Uma análise mais simplista reconheceria o gesto do psicopata ou do sociopata, pela ausência de empatia com o outro ou pela frieza do gesto. Mas não é o mal que se reconhece aqui, neste gesto. Nem sequer o prazer justifica a passagem ao acto. É sobretudo esse absurdo que emerge no instante e que revela a «avaria», a falha. Curiosamente, as personagens, nos seus gestos absurdos, não revelam culpa e são de uma inocência quase pueril, o que mostra como o próprio acontecimento que as levou ao seu limite lhes é estranho, como se não fossem elas próprias as suas autoras.

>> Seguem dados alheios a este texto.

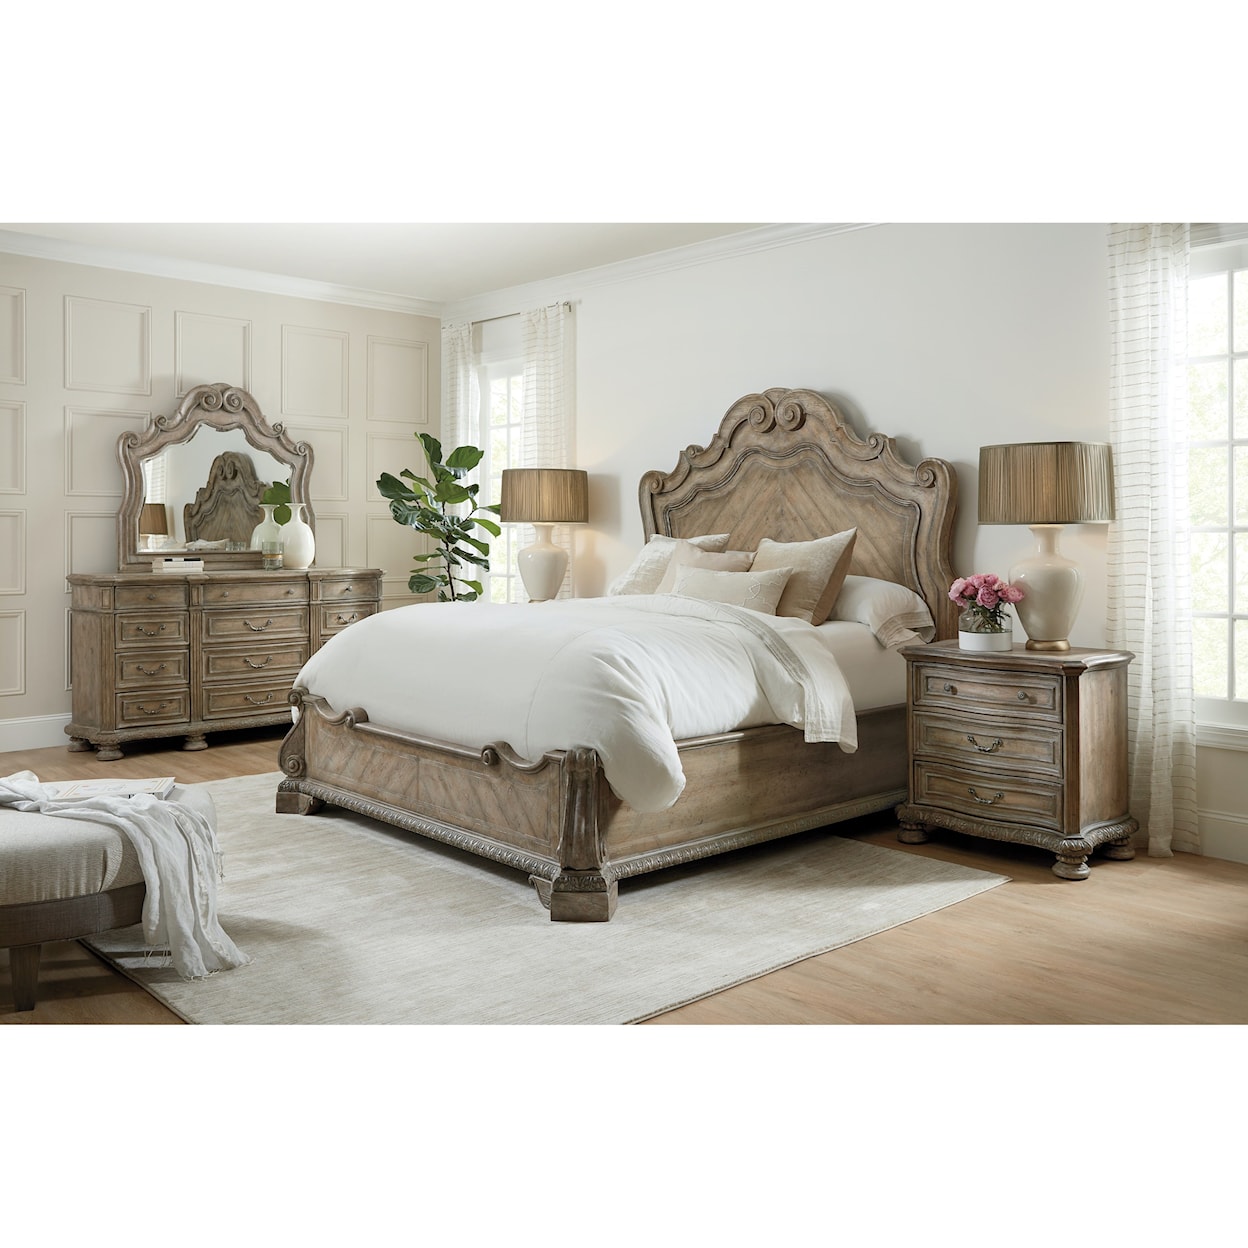 Hooker Furniture Castella California King Bedroom Set

Um universo inquietante, perturbador e isso seria ainda dizer pouco, pois não se trata apenas da estranheza das personagens, das leis que nos escapam, dos gestos que ultrapassam os seus autores. Há também aqui uma escrita que se destaca pelo seu rigor limpo, pela sua depuração que denuncia um trabalho moroso de escriba e uma agilidade na construção dos contos que revela um trabalho prévio de encenação, para encontrar no conto um acabamento perfeito. Uma escrita que revela, também, uma leitura (e transfigurada) de autores como Beckett ou Michaux, dos mestres do absurdo na literatura. Atesta-se aqui uma simplicidade na forma narrativa que traduz o labor intenso e escultor da palavra, sem ceder a artifícios nem a efeitos retóricos que lhe retirariam a eficácia do chicoteamento a que aludi no início. Uma estética do choque, ainda, que é resgatada à minúcia, para cumprir a sua função. As palavras são medidas e pesadas com justeza para desencadear o efeito de surpresa constante no leitor, nesse jogo que estabelece com ele, mas sem lhe facilitar a vida. Eis uma escrita convidativa, tal como uma bela e sedutora mulher que insinua, mas não revela, para que o resto do trabalho (e da felicidade) seja o do próprio leitor, na sua descoberta. Sem querer desvendar demasiado do livro, creio que a chave mais justa será aquela que cairá na mão dos leitores mais persistentes, os que seguem o fio que Isabel Ramos nos oferece para que a sigamos. Até ao conto “Não te Esqueças do Guarda-chuva”. A irradiação, a luz prometida virá ao nosso encontro.